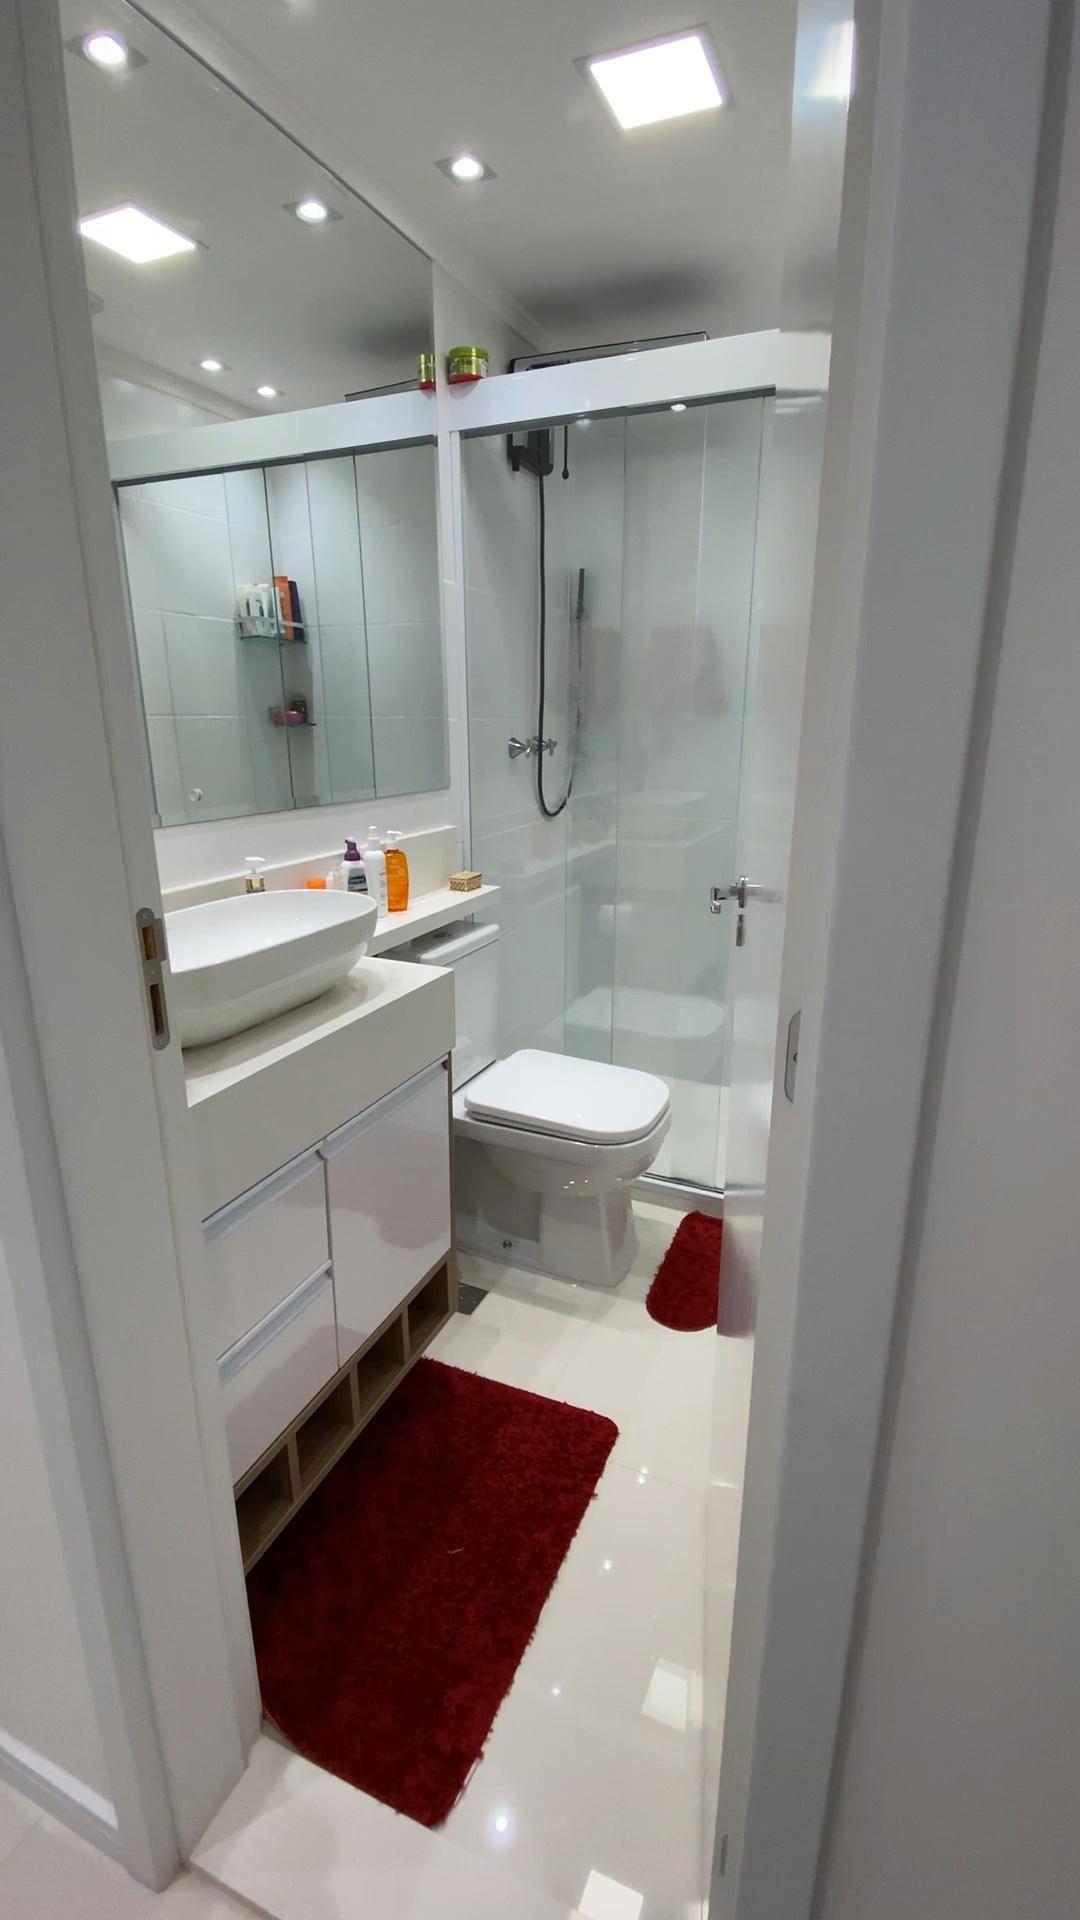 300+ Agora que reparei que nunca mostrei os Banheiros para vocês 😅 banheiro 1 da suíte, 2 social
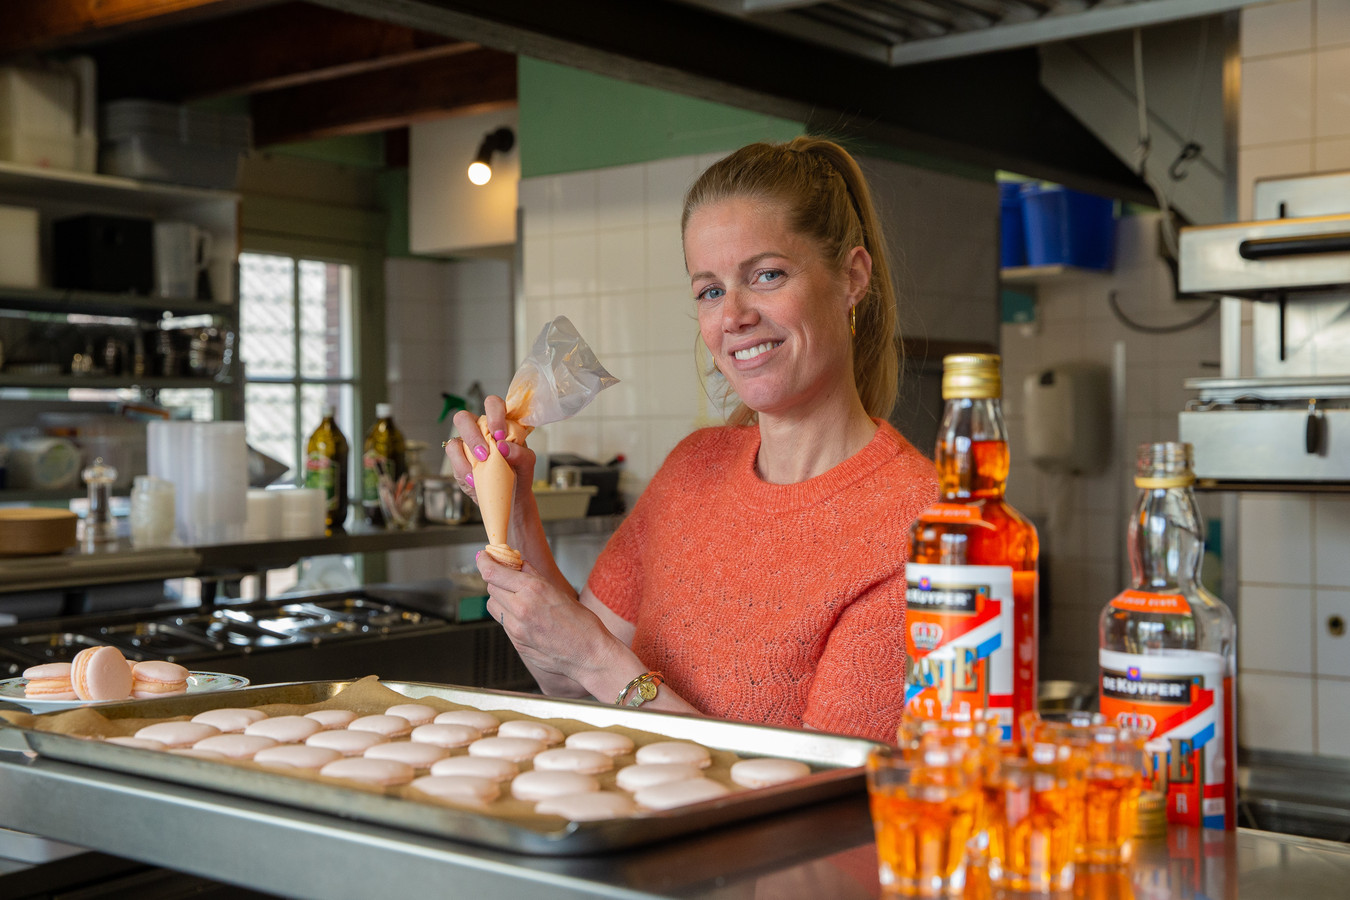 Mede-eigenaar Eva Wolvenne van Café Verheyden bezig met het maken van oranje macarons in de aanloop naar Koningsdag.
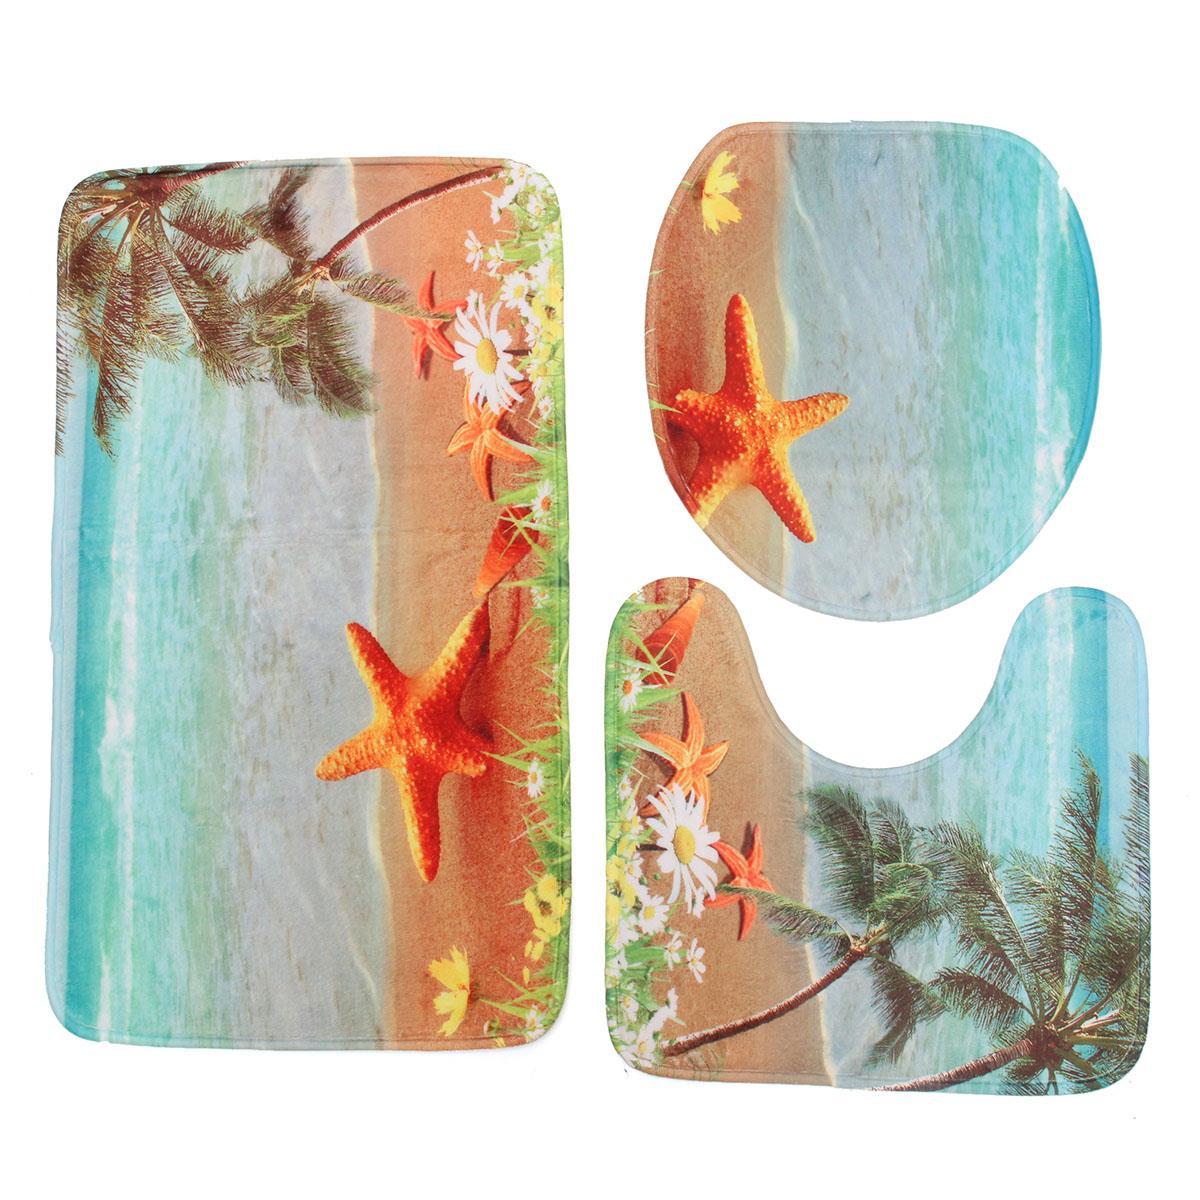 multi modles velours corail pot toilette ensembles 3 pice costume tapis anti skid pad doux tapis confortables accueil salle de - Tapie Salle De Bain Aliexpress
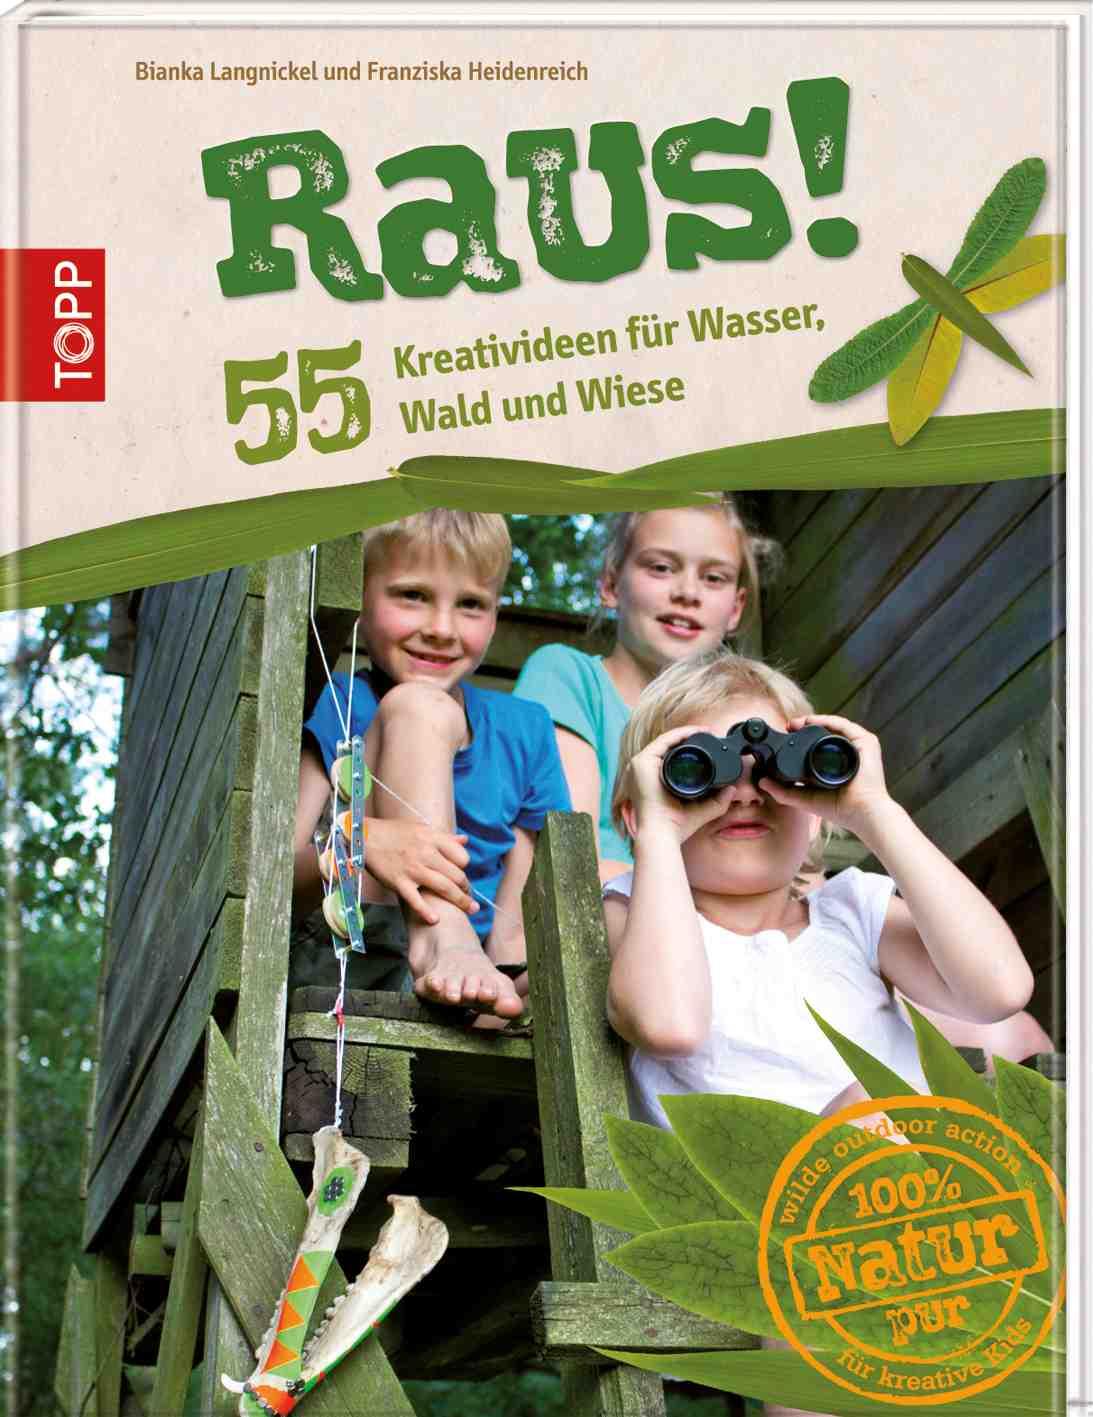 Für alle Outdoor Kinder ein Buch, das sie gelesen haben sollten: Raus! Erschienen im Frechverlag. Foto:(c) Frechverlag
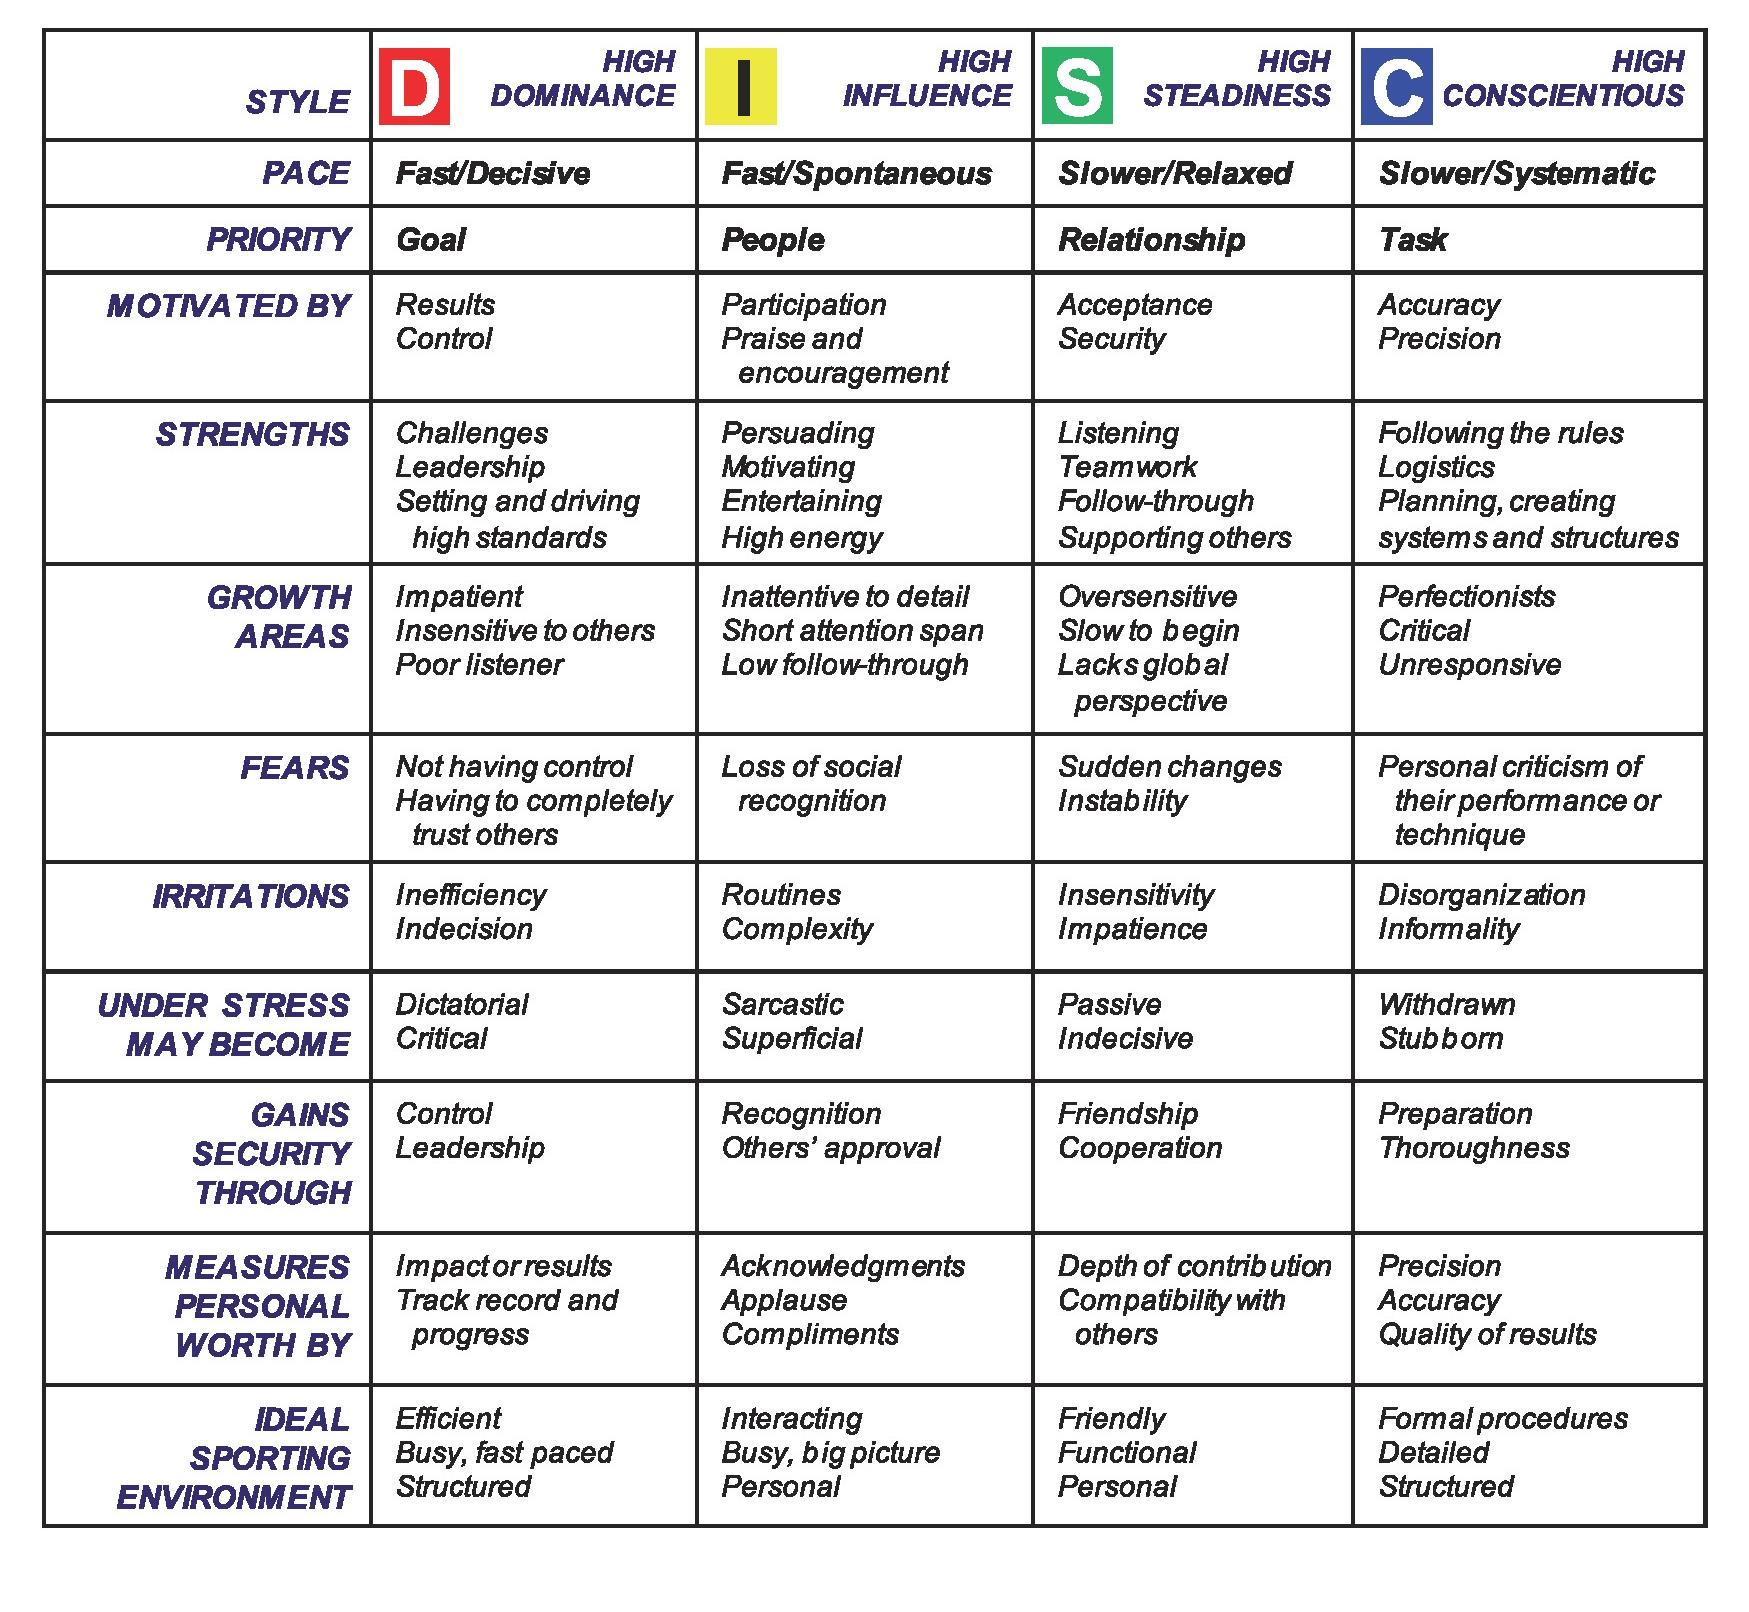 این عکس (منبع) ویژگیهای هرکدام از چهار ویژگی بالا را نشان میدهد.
==========
# Task to complete
Every word of the material above should be copied exactly; no pictures.

# Exercise output
 300+ Agora que reparei que nunca mostrei os Banheiros para vocês 😅 banheiro 1 da suíte, 2 social
 Mede-eigenaar Eva Wolvenne van Café Verheyden bezig met het maken van oranje macarons in de aanloop naar Koningsdag.
 multi modles velours corail pot toilette ensembles 3 pice costume tapis anti skid pad doux tapis confortables accueil salle de - Tapie Salle De Bain Aliexpress
 Für alle Outdoor Kinder ein Buch, das sie gelesen haben sollten: Raus! Erschienen im Frechverlag. Foto:(c) Frechverlag
 این عکس (منبع) ویژگیهای هرکدام از چهار ویژگی بالا را نشان میدهد.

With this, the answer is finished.